MB: Innanzitutto ci tengo a menzionare gli altri musicisti, oltre a me e a Michela: al basso c’è Francesco Foti, polistrumentista versatile nonché persona di una generosità infinita, e alla batteria Marco Martinelli (batterista di Emma Nolde), eccellente musicista molto sperimentale nei suoni, e anche lui persona eccezionale.Il mix è stato affidato ad Andrea Pachetti (producer fra gli altri di Emma Nolde): mentirei se non ammettessi che ho voluto affidarlo proprio a lui perché siamo due appassionati del mondo industrial (specialmente i già citati Nine Inch Nails)! Non potevo fare scelta migliore, anche perché non ha solo delle abilità indiscusse ma è anche una persona che ti accoglie, ti dà consigli e si vede che è profondamente innamorato del suo lavoro. Il master impeccabile è stato realizzato in Svezia da Gustav Brunn (tecnico di mixing e mastering). La copertina è infine stata realizzata da Francesco Lunardi, disegnatore di Lucca e mio carissimo amico. È composta da un collage di vari pannelli arrugginiti (simbolo della progressiva corruzione del mondo); al centro le mani formano nel linguaggio dei segni la parola WORLD e ogni colore rimanda a temi toccati dal testo, quali l’apatia, l’apolitica, l’aborto, le relazioni, il romanticismo, l’invidia, la depressione, la sottomissione e la mancanza di lealtà.
E allora raccontatecelo, questo “This World”. In particolare raccontacelo tu, Marco, che ne hai scritto il testo.
MB: Non voglio spiegare per filo e per segno le parole perché mi piace che ognuno dia una personale interpretazione, ma posso dire che il testo è una riflessione su quello che percepisco come un progressivo deteriorarsi della gestione dei rapporti umani. Il malessere generalizzato aggravato dall’arrivo della pandemia ha peggiorato la situazione, e sinceramente ne sono sia spaventato sia amareggiato. Un altro tema piuttosto controverso è la spettacolarizzazione della depressione [a tal proposito si trova su Raiplay un intervento di Valeria Montebello, ndr]: per fortuna oggi sta scomparendo il tabù sulla salute mentale e credo sia importante sensibilizzare il più possibile, ma con cognizione di causa. E qui mi ricollego a un altro tema trattato nel testo, ovvero la tendenza a mettere in discussione la scienza oltre il livello ragionevole che la scienza stessa contempla: l’atteggiamento veramente scientifico è improntato alla prudenza, non sposa una tesi in esclusiva, esige dubbio e controprova… è proprio per questo che dovremmo aver fiducia in questo processo. C’è poi un accenno ai diritti delle donne, che anche oggi si trovano a dover sottostare ad imposizioni inaccettabili. Infine mi inquieta la polarizzazione delle opinioni, incoraggiata dai social.

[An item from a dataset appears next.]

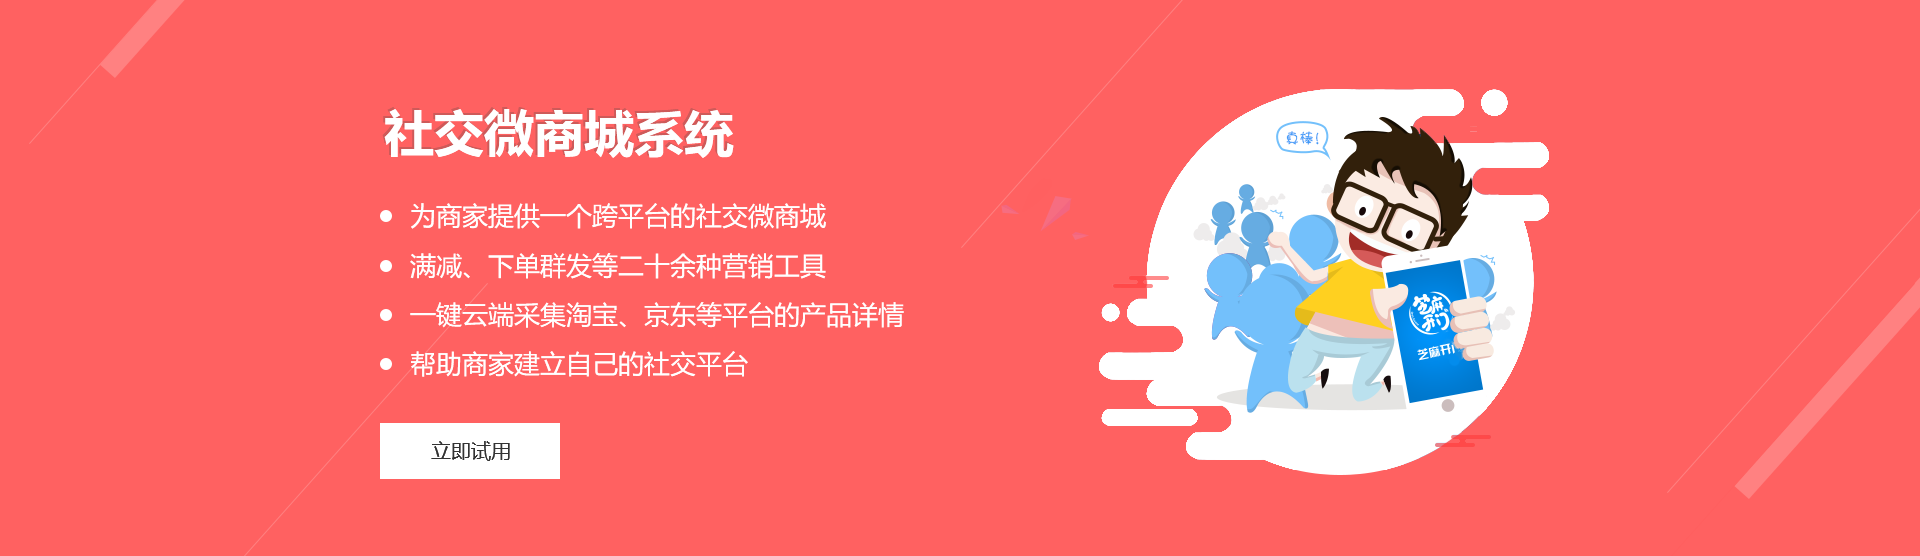 店易加社交微商城系统banner

ML: Alcuni aspetti del testo scritto da Marco hanno toccato anche me, in particolare mi preoccupano le cause di ciascuno dei problemi toccati da Marco: la mancanza di empatia, di riflessione profonda e di un’informazione accurata e corroborata da letture di spessore. La mancanza di attenzione è il vero peccato in «questo mondo».
Marco Barcaroli, tastierista, arrangiatore, songwriter e producer, è nato a Pietrasanta il 17/10/1997 e vive a Viareggio. Ad oggi ha pubblicato i singoli “Goin’ Deeper” (2022), “Invisible” (2022), “Drowning In Memories” (2023), “JAZZIAL” (2023), “Overthinking” (gennaio 2024), “The Third One” (luglio 2024) e “This World” (ottobre 2024).
Michela Lombardi ha inciso due dischi con Phil Woods, uno con Nico Gori e Marco Tamburini e due con il trio di Renato Sellani, oltre a dischi di inediti (”So April Hearted”, “From Distant Shores”), al tributo a Johnny Mandel (“Solitary Moon”) e al songbook di Michel Legrand (“Believe in Spring”, 2024, con Piero Frassi, Gabriele Evangelista, Andrea Beninati). È anche la voce del Nico Gori Swing 10tet e della Fonterossa Open Orchestra. Con il Riccardo Fassi trio – feat. Don Byron e Steven Bernstein – ha pubblicato “Live To Tell”, un lavoro jazz su Madonna. Ha pubblicato due omaggi a Sting (“Shape Of My Heart” e “When We Dance”). Nel 2021 è uscito per Da Vinci “Pagine Vere”, con Giovanni Ceccarelli e Luca Falomi. Ha firmato un brano con Burt Bacharach, vinto il Premio Ciampi 2010 per la migliore cover, inciso jingle televisivi e composto e cantato brani per il cinema. Laureata in Filosofia all’Università di Pisa e in Jazz al Conservatorio “L. Cherubini” di Firenze, insegna Canto Jazz al Conservatorio “G. Puccini” di La Spezia.